Researchers said the findings underscore the importance of safe prescribing practices and may help inform future efforts to standardize opioid prescribing after pediatric surgery.
"Although opioids can be an important component of pain management after surgery, children are uniquely vulnerable to opioid-related harms, and research shows that surgery is often their first exposure to opioids," said first author Anoosha Moturu, MD, MS, a fourth-year general surgery resident at Stanford Medicine and former clinical scholar at the American College of Surgeons (ACS). "Understanding current prescribing patterns is an important step toward ensuring each prescription is intentional, appropriate and as safe as possible."
Rates of opioid overdose have increased sharply since 2000, including among children and teenagers, and remain a public health concern. Yet few pediatric surgery guidelines exist to help clinicians determine when opioids are needed after surgery and how much medication should be prescribed.
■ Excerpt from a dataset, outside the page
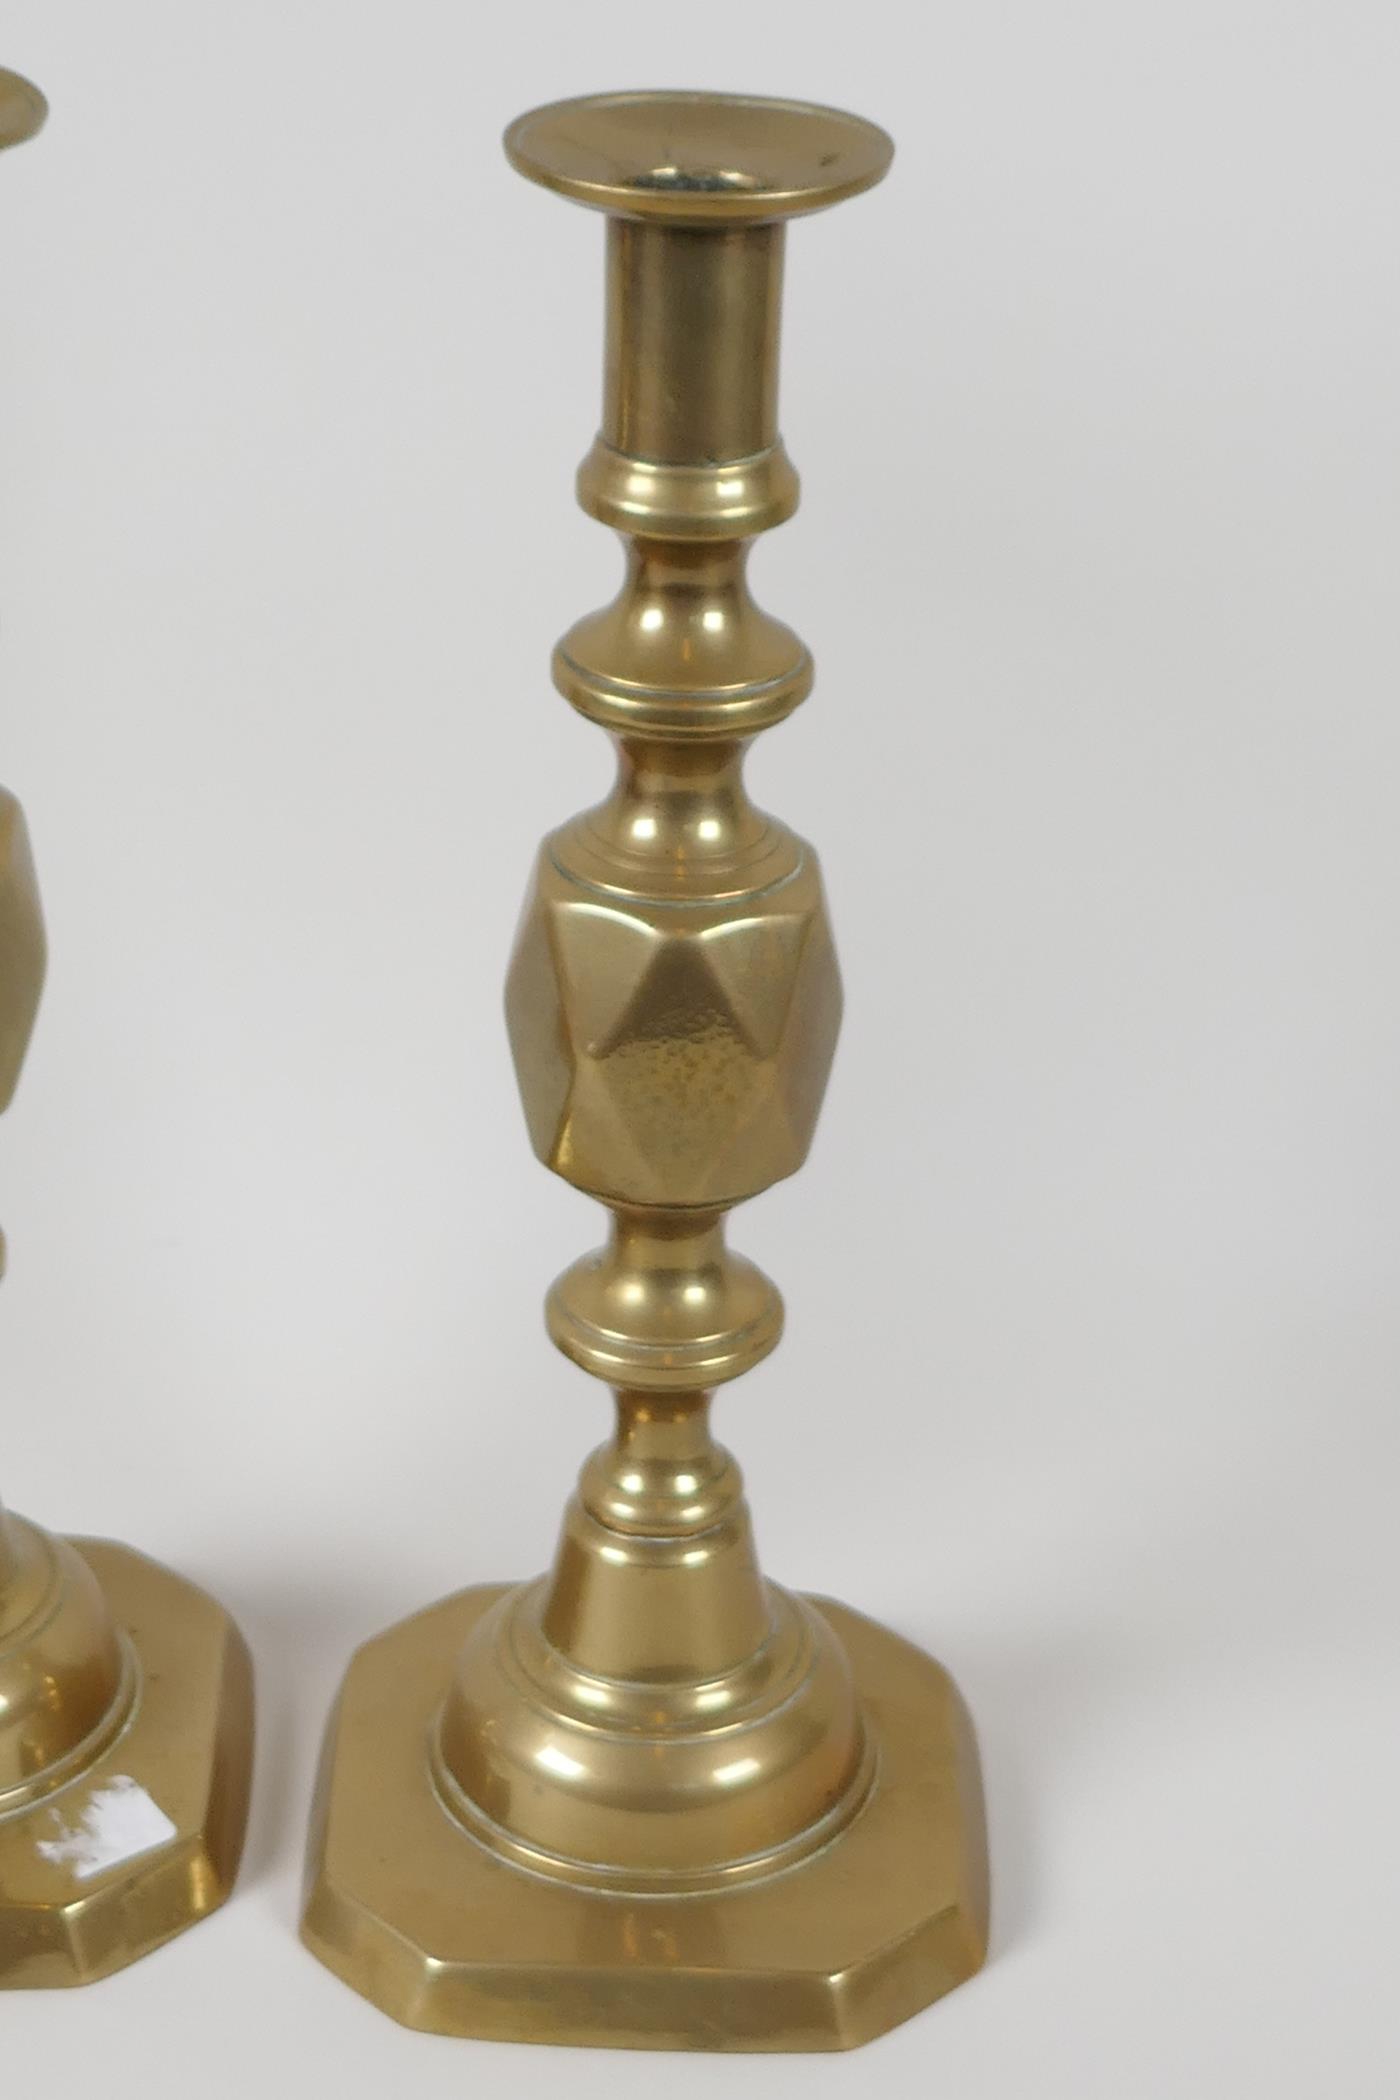 A pair of C19th brass "The Queen of Diamonds" pattern candlesticks, 11½" high - Image 2 of 2

Researchers analyzed opioid prescribing after pediatric surgery using data from the American College of Surgeons (ACS) National Surgical Quality Improvement Program–Pediatric (NSQIP-Pediatric) and the Pediatric Health Information System. The study included nearly 143,000 operations performed at 157 U.S. hospitals in 2023.
Study results
Among 142,748 pediatric surgery patients:
- Thirty-one percent received an opioid prescription at discharge.
- Prescribing rates varied substantially by procedure type. Children were most likely to be prescribed opioids after chest wall surgery (82%), lower-extremity procedures (78%) and spine surgery (77%). Appendectomy (5.4%) and airway procedures (4.3%) had some of the lowest opioid prescribing rates.
- Fracture repairs, spine surgeries, lower-extremity procedures and reconstructive operations accounted for nearly half of all opioid prescriptions in the study after accounting for procedural volume.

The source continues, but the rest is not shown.